Again, said with respect. I’m sure it does work for some people. But dangerous to make assumptions
Getting and/or staying clean and sober has to be one day at a time in the beginning. My only goal when I was new was to not pick up no matter what. That was my short and long term goal. Once the obsession was lifted I could begin a deeper dive.
Agree with the above. Go to different meetings, listen to the stories with an open mind. Share your struggle if you can. AA exists to support you and give you the help that you need. You don’t have to jump in wholesale. If you listen to a bunch of different qualifications you will see that people recover at all different cadences.
I feel you. I’m sorry you’re at this crossroads, I’ve been there many times myself. First of all, gauge where you’re at physically. They say heroin withdrawals can make you wish you were dead whereas alcohol withdrawals can kill you. I had to go to the hospital to sober up. I’m NOT trying to scare you, obviously many people get sober without that. But if you feel your heart racing and can’t stop shaking or throwing up when you quit, get help. Things can go south fast.
Then, yes: I agree with the above. Find a meeting. I’m not a regular AA attendee and have found my longest period of sobriety to date outside of the rooms of AA using a combination of therapy, meds, and the support of friends and family. AA has a lot of flaws. But right now, where you’re at? It’s a godsend. AA has roomfuls of people all over the world who have been where you’re at and know how to help. In that regard, AA is amazing.
I wish you all the strength and hope in the world.
Go to treatment if you can to get a head start. Regardless go to meetings 1-2 times a day
EP1 - that is a rational response from someone who clearly doesn’t understand addiction. “Try to cut down” - what great advice! Why didn’t I think of that! Maybe at my next work event I should just limit myself instead of blacking out! It all makes sense to me now!
In all seriousness, hopefully he doesn’t have much of a hand in your sobriety. Most doctors don’t and that’s fine - but if my doctor did, I’d want him to have a better understanding of addiction than yours does.
I just feel like I can’t kick alcohol, drugs, and depression all at the same time
Alcohol and drugs made me depressed. And then I used to treat my depression. Over and over. Sobriety saved my life from that cycle, I've been there. I could stop, but never stay stopped, and once I picked up a drink, I no longer had control. Find a meeting. They're literally everywhere. It's been five years and life still keeps getting better.

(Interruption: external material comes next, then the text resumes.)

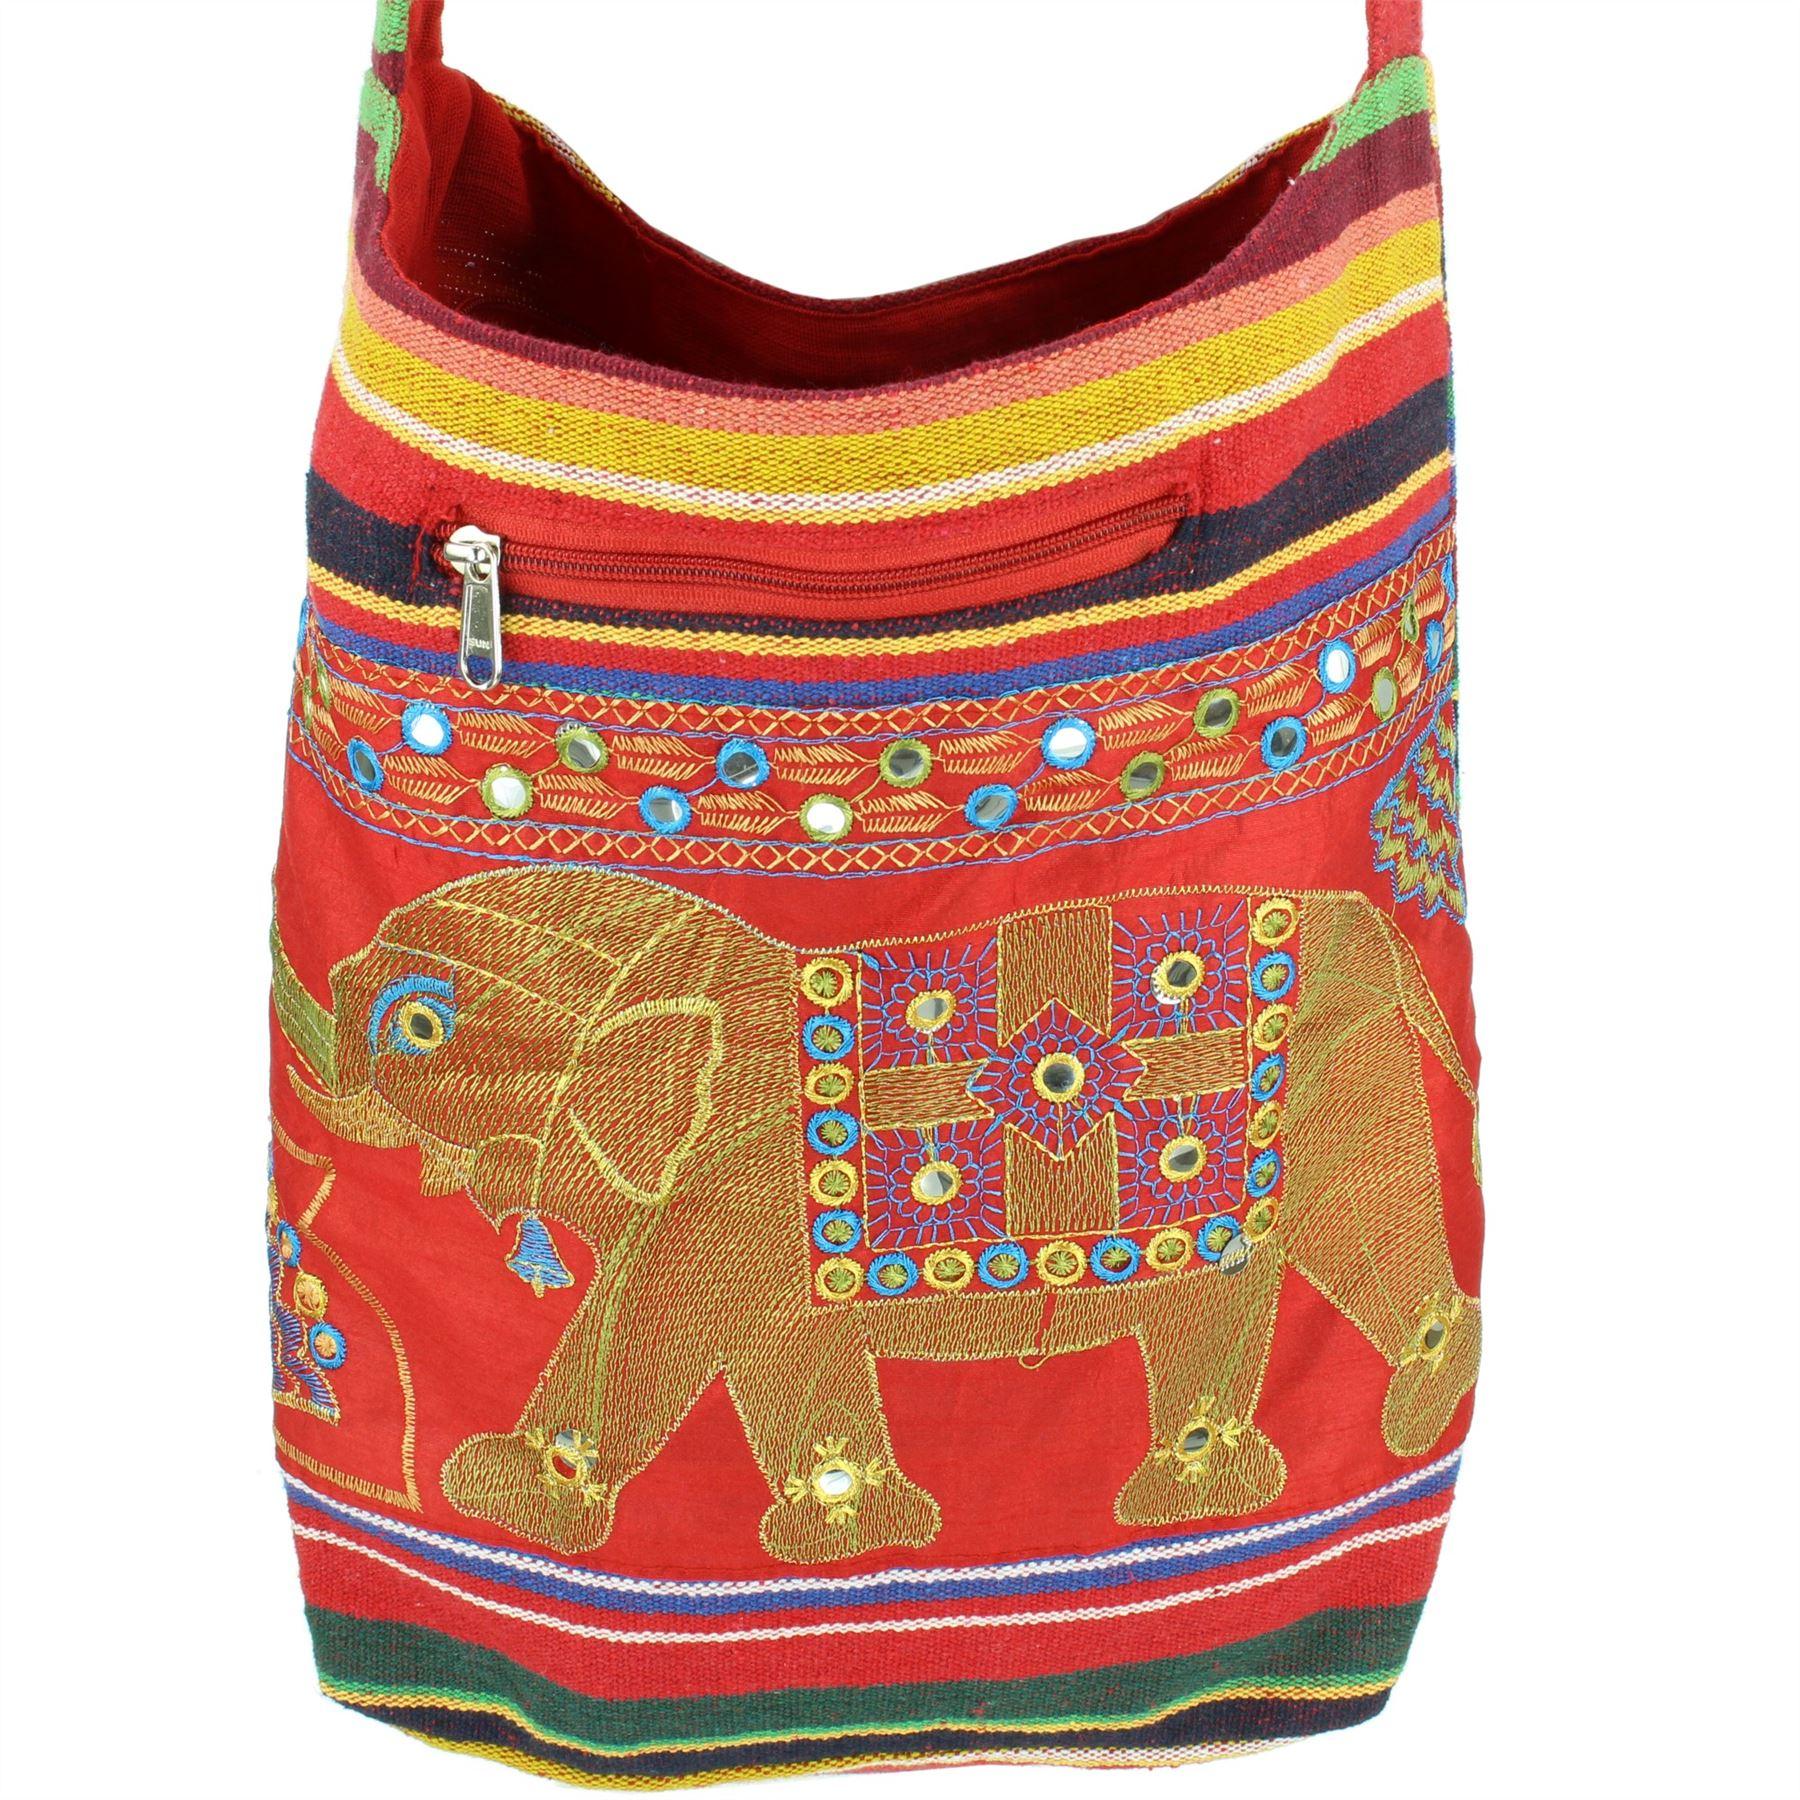 Sling-Bag-Elephant-Messenger-Crossbody-Cross-Body-Handbag-Backpack-Hippie-Hobo miniatuur 20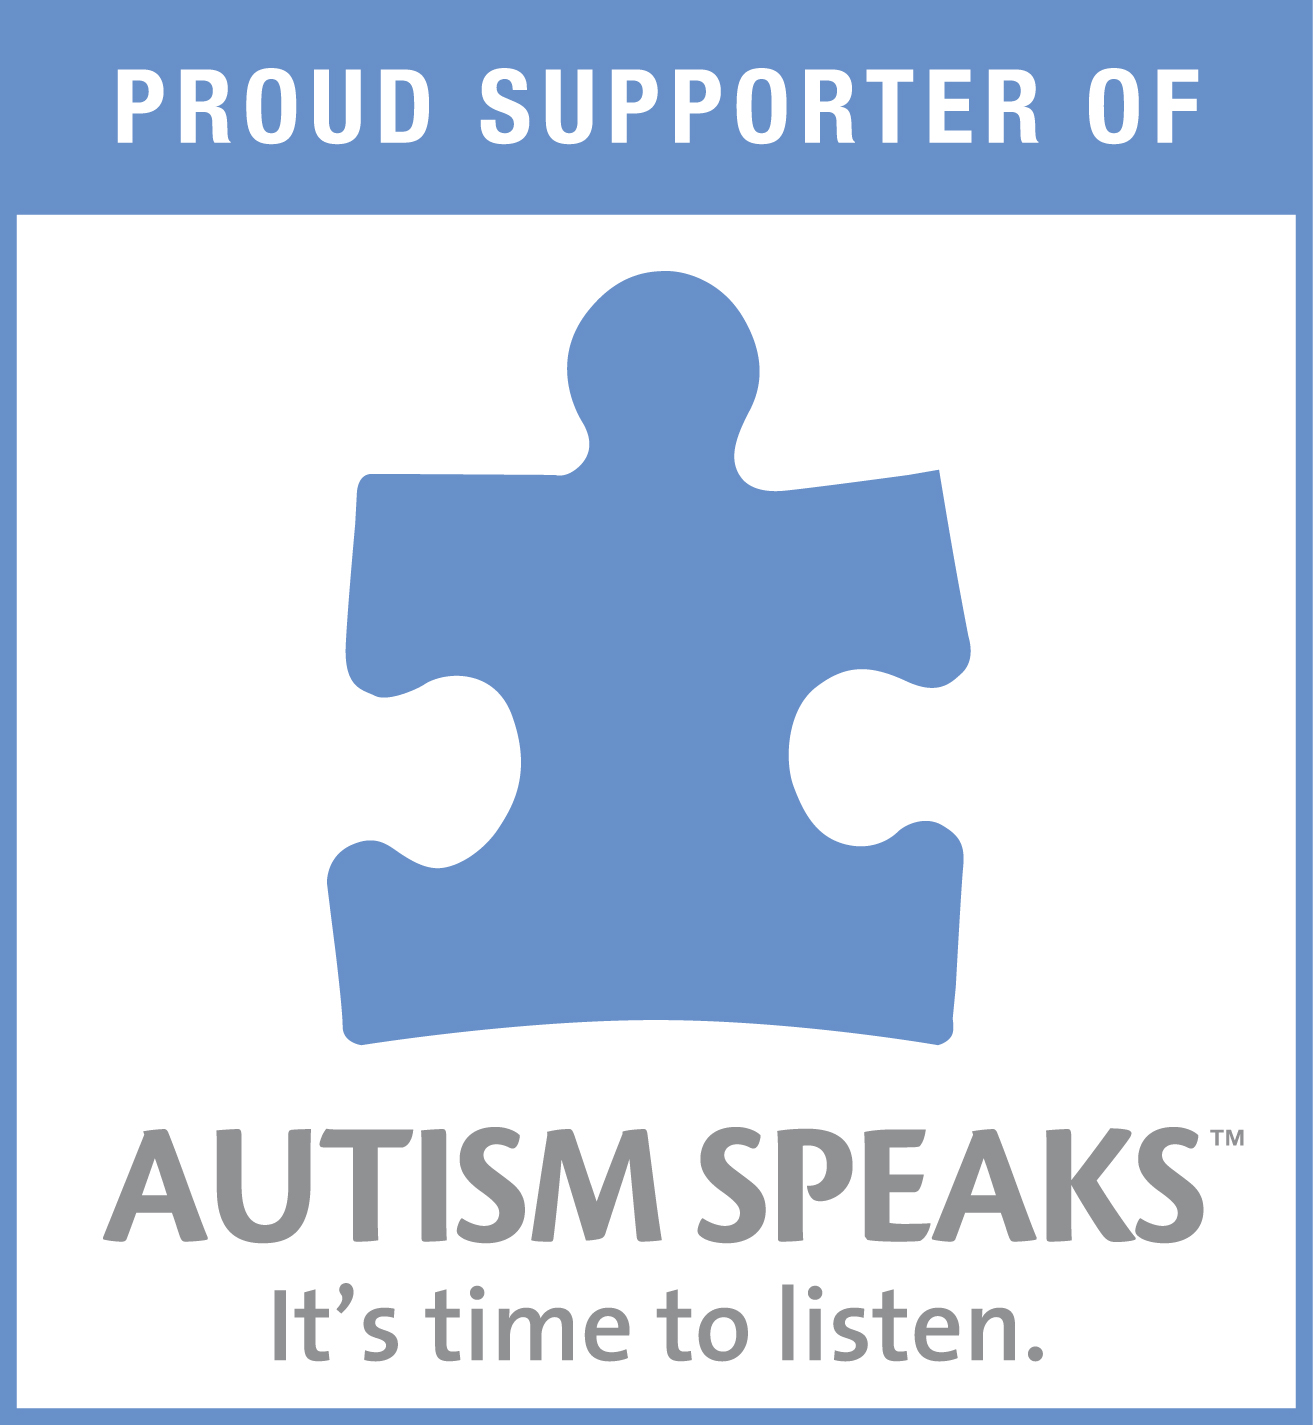 Autism-Speaks-Proud-Supporter_2C.jpg

And just throwing it out there that if you are really needing to buckle down, there is no shame in going to rehab. I personally have no experience but a lot of people I sit with did 30 or 60 day treatments, both in and out patient. They all speak very highly of it setting them on the right path and giving them a ton of tools. In CA your employer is legally bound to allowing it and not requiring you to say why (I believe).
I’ve never heard this from anyone else but my doctor told me he felt the best method was to try to cut down day by day each week rather than cold turkey. As in, 6 days in a week instead of 7, then the next week 5, etc. Is that crazy ?
He’s an idiot. I need to find a new doc to ween me off the meds and try something else.
I used to be able to drink seltzer, eat candy, smoke a little weed, and be fine. Now I have drink (or so it feels), but because of the meds and then drinking doesn’t alter my state and then I use other drugs. I’m not blaming the meds for my addiction but I’m saying I’ve lost all control. And money.
Start on your knees: pray that God, the Universe, HP, etc will lift the obsession. And of course make meetings. Today, I actually vowed to do my first 90-in-90 in the 15+ yrs I’ve been coming around. Prayer works.